ContextOS Metrics Glossary

Unified metric glossary across the five planes — Intelligence, Context, Decision, Action, Trust.

Reference DesignLast reviewed: 2026-05-09 Edit on GitHub

At a glance

This page is the stable metrics contract for ContextOS. It defines the names, dimensions, source artifacts, owners, and minimum scorecard that every implementation should keep consistent across the five planes.

It is not an exhaustive dashboard inventory. Teams can add local metrics, but release gates, incidents, and executive scorecards should roll up through the contract below.

Naming Conventions

Metric names use one namespace and one shape:

contextos.<plane>.<component>.<signal>

Examples:

Metric	Meaning
`contextos.intelligence.gateway.request_duration_ms`	AI Gateway request latency.
`contextos.context.pack.evidence_coverage_rate`	Share of required evidence represented in the compiled Context Pack.
`contextos.decision.plan.validity_rate`	Share of generated plans passing structural validation.
`contextos.action.tool.success_rate`	Share of tool calls returning a completed `ToolResultEnvelope`.
`contextos.trust.trace.completeness_rate`	Share of runs with the required trace and audit artifacts.

Rules:

Use lowercase snake case for components and signals.
Use _duration_ms for latency and wall-clock duration.
Use _rate for fractions, _count for event counts, _total for monotonic counters, and _cost_usd or _cost_inr for cost.
Record latency as distributions with at least p50, p95, and p99 rollups.
Keep model names, provider names, tool IDs, and policy IDs in dimensions, not in metric names.
Do not encode raw user text, prompts, document titles, or error messages in metric names or labels.

Required Dimensions

Every metric must be joinable to the run trace. High-cardinality IDs such as run_id and trace_id belong on spans, events, exemplars, and rollup records; only attach them as time-series labels when the backend is designed for that cardinality.
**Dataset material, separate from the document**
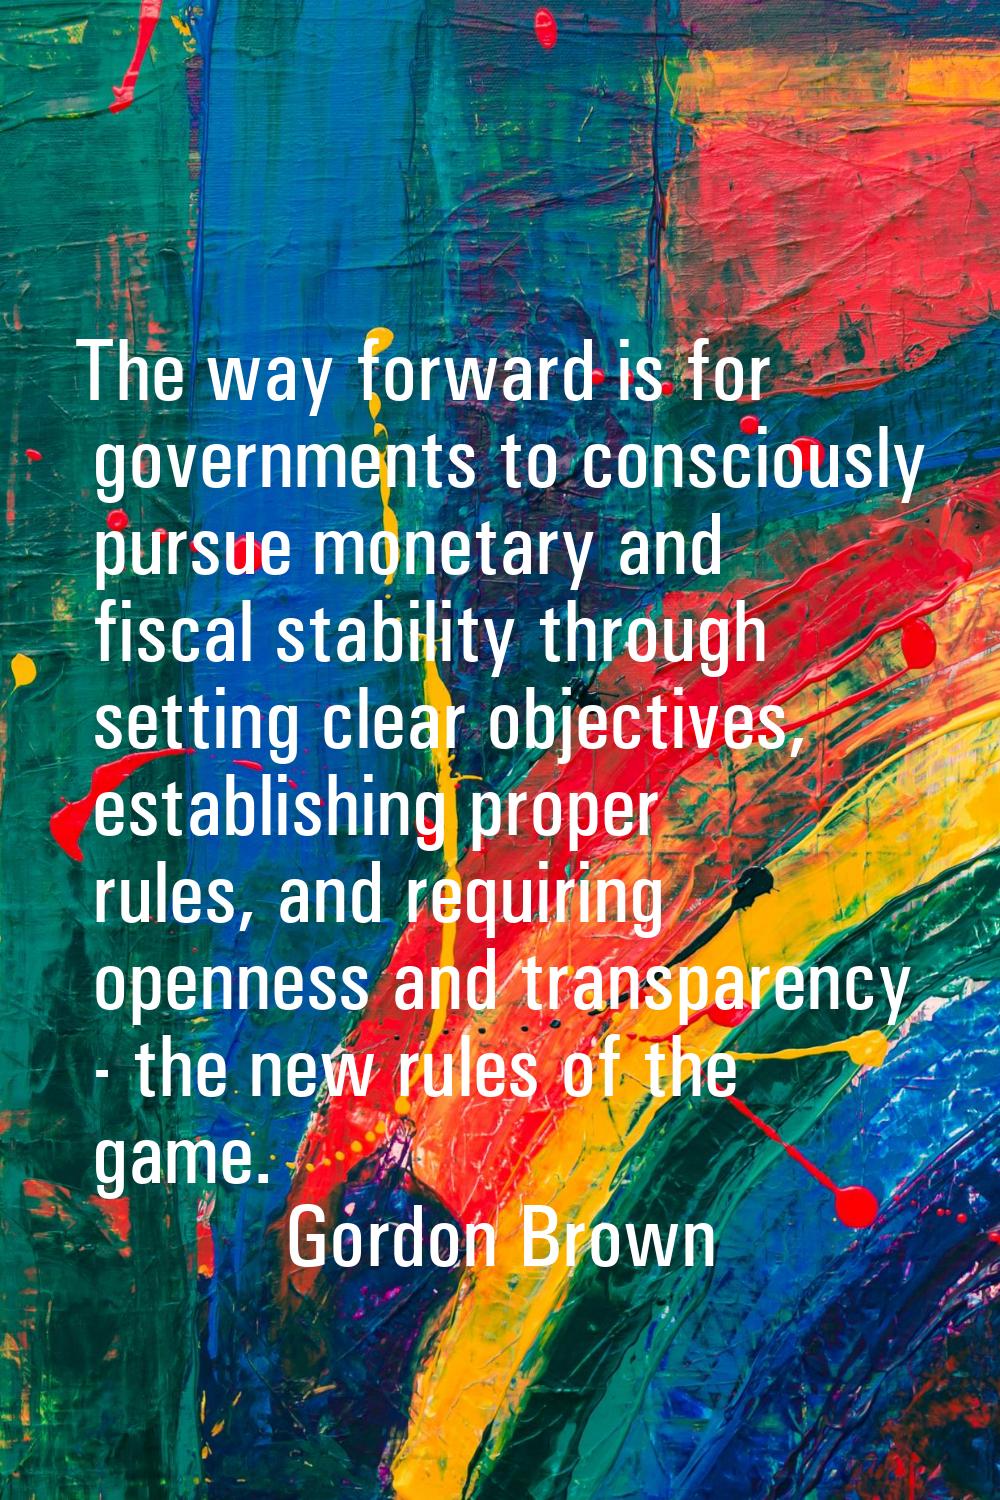 The way forward is for governments to consciously pursue monetary and fiscal stability through sett

Dimension	Required on	Purpose
`tenant_id`	span, event, rollup	Tenant-level slicing and data isolation.
`environment`	span, event, metric	`dev`, `staging`, `prod`, or equivalent.
`release_version`	span, event, metric	Runtime or service release attribution.
`plane`	span, event, metric	One of `intelligence`, `context`, `decision`, `action`, `trust`.
`component`	span, event, metric	Gateway, compiler, planner, tool manager, evaluator, or observability component.
`component_version`	span, event, rollup	Localizes regressions to a deployed component version.
`workflow_id`	span, event, rollup	Workflow or journey-level rollup.
`intent_id`	span, event, rollup	Intent-level quality, safety, and cost comparison.
`task_type`	span, event, rollup	Stable task taxonomy used by scorecards.
`risk_class`	span, event, rollup	Approval and safety tier.
`run_id`	span, event, exemplar	Joins artifacts for a single run.
`trace_id`	span, event, exemplar	Joins telemetry with the trace bundle.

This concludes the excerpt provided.